Find the line with "Baltimore photographers captures" in the entries below, then reproduce it and every line after it down to and including the line with "PPT模板 Simpler PowerPoint Template", exactly.

(Records for processing)
[Start of section]

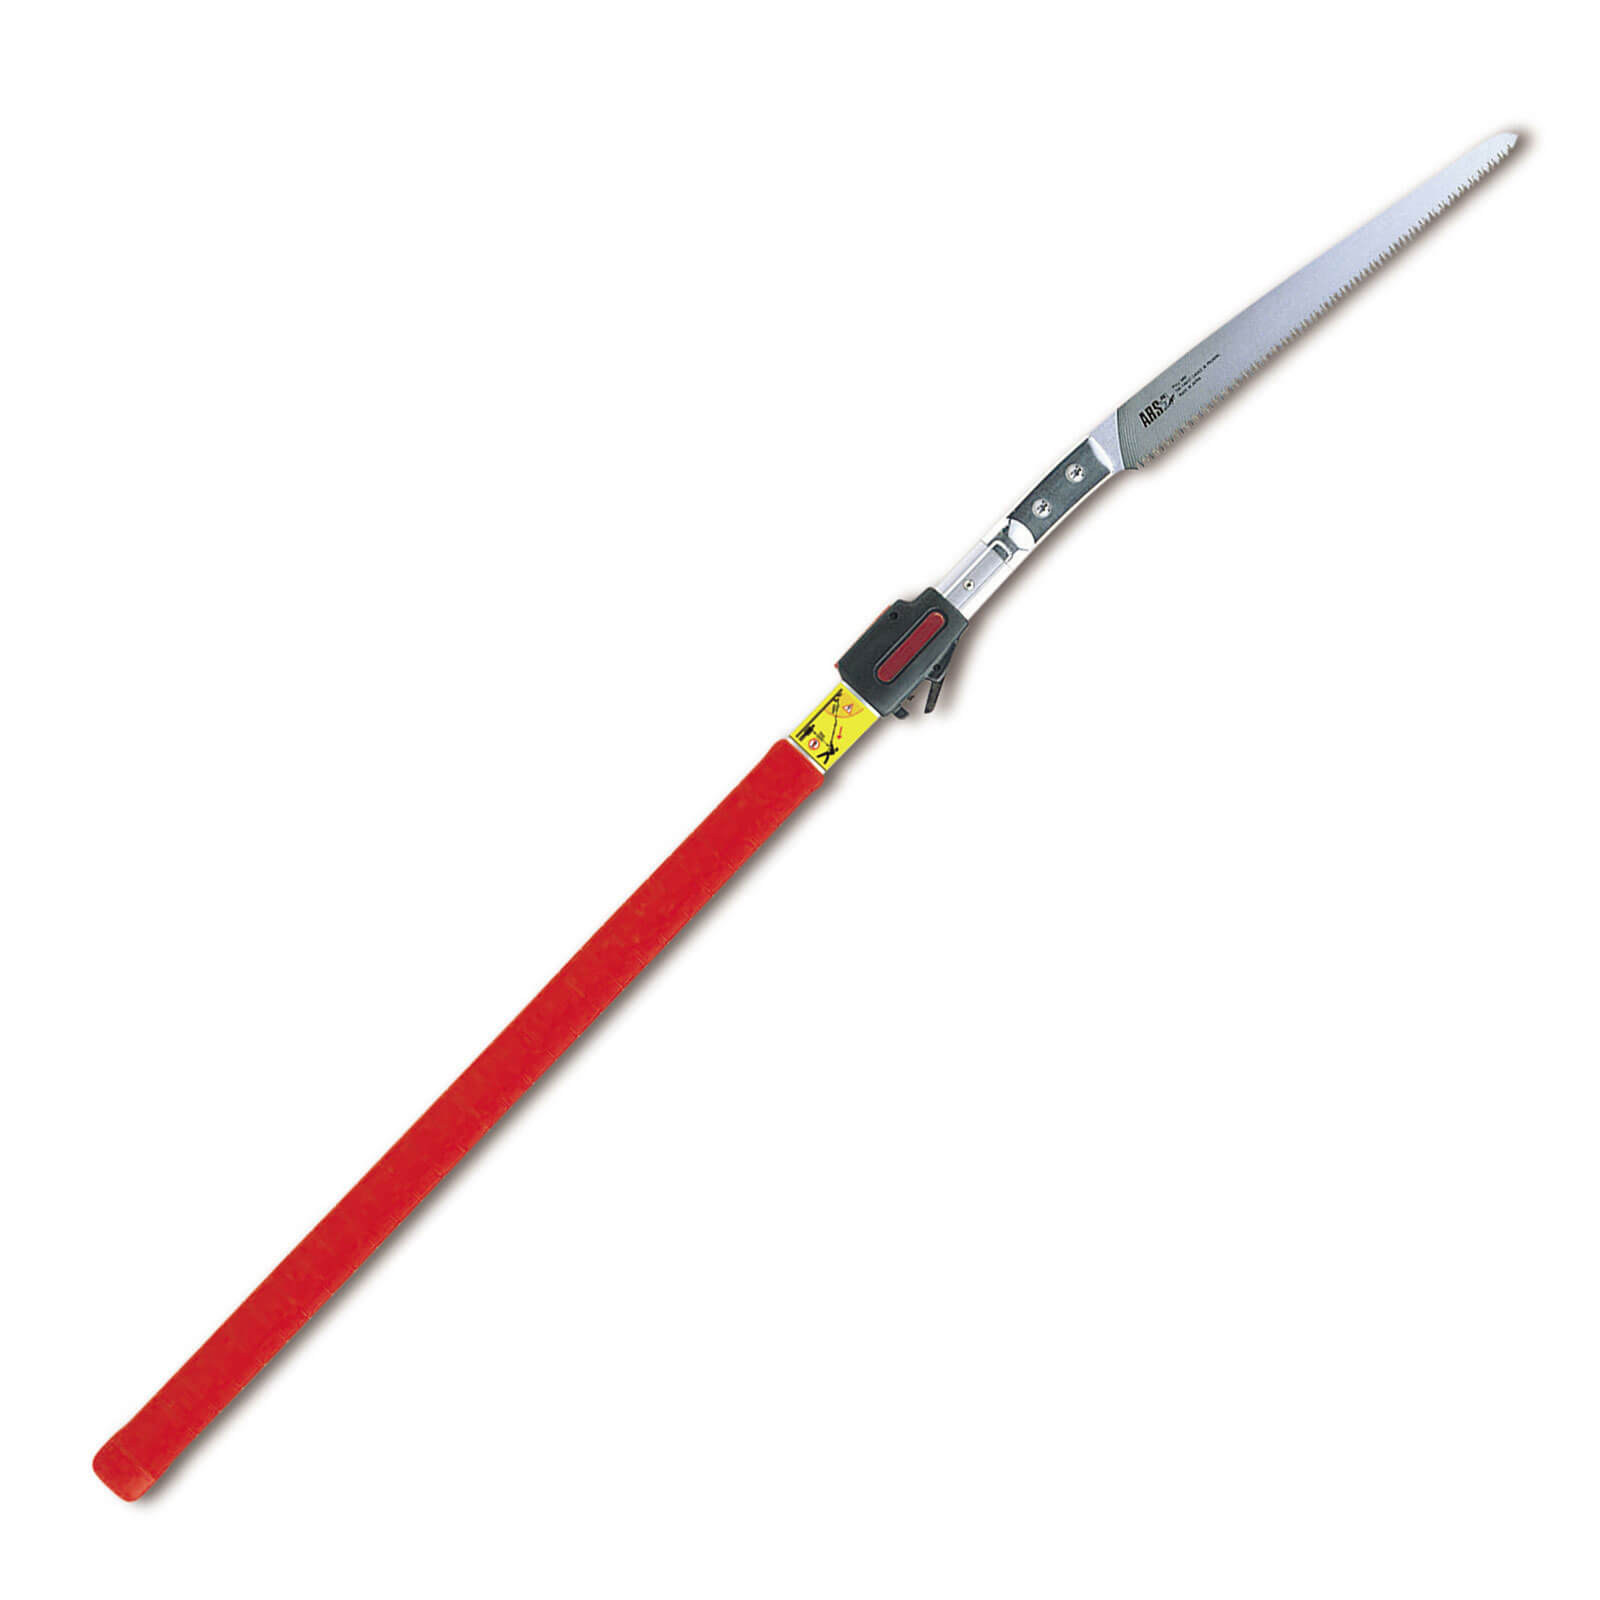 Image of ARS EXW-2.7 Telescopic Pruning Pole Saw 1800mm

[End of section]
[Start of section]

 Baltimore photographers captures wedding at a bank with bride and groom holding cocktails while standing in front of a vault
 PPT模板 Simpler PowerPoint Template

[End of section]

(Response area)
 Baltimore photographers captures wedding at a bank with bride and groom holding cocktails while standing in front of a vault
 PPT模板 Simpler PowerPoint Template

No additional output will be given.